Help the children and tell them how to form the line.
Input
The single line of the input contains two integers n and m (1 ≤ n, m ≤ 100), separated by a space.
Output
Print a line of n + m characters. Print on the i-th position of the line character "B", if the i-th position of your arrangement should have a boy and "G", if it should have a girl.
Of course, the number of characters "B" should equal n and the number of characters "G" should equal m. If there are multiple optimal solutions, print any of them.
Sample Input
3 3
GBGBGB
4 2
BGBGBB
Hint
In the first sample another possible answer is BGBGBG.
In the second sample answer BBGBGB is also optimal.
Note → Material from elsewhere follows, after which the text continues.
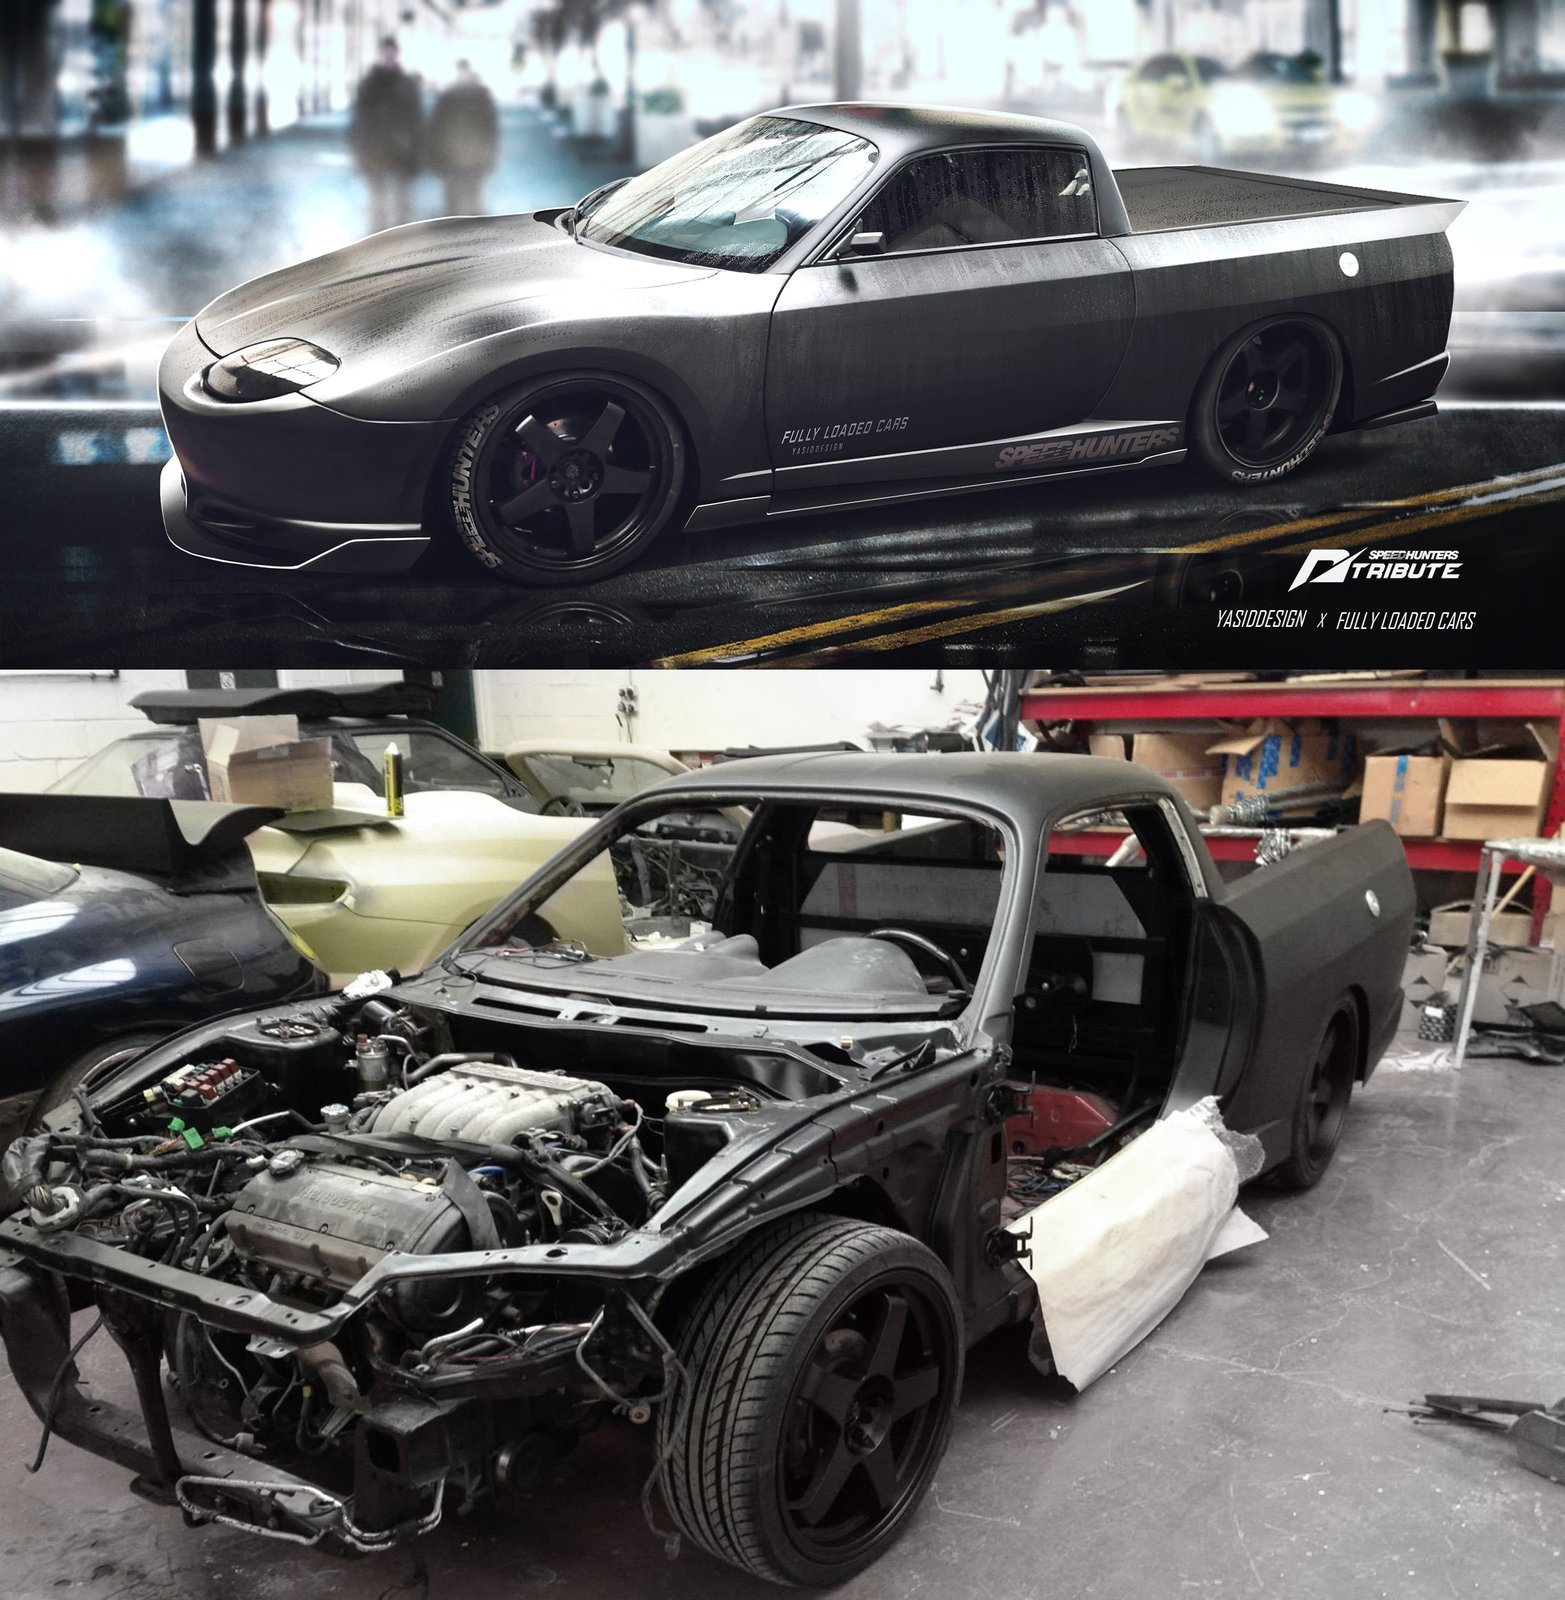 yasiddesign X fullyloadedcars FTO build

题意:有N个男的M个女的站成一排,输出男女相邻的数量最大的排列方式。
水题。。。
#include<stdio.h>
#include<queue>
#include<cstring>
#include<iostream>
#include<cmath>
#include<algorithm>
#include<assert.h>
#include<stdlib.h>
#include<time.h>
#include<stack>
#include<vector>
#include<map>
#include<set>
#include<fstream>
#define pi acos(-1.0)
#define INF 0x3f3f3f3f
#define debug printf("---------------\n");
using namespace std;
int main()
{
freopen("input.txt", "r", stdin);
freopen("output.txt", "w", stdout);
int n,m;
scanf("%d%d",&n,&m);
if(n>m)
{
while(n||m)
{
if(n)
{
printf("B");
n--;
}
if(m)
{
printf("G");
m--;
}
}
}
else
{
while(n||m)
{
if(m)
{
printf("G");
m--;
}
if(n)
{
printf("B");
n--;
}
}
}
return 0;
}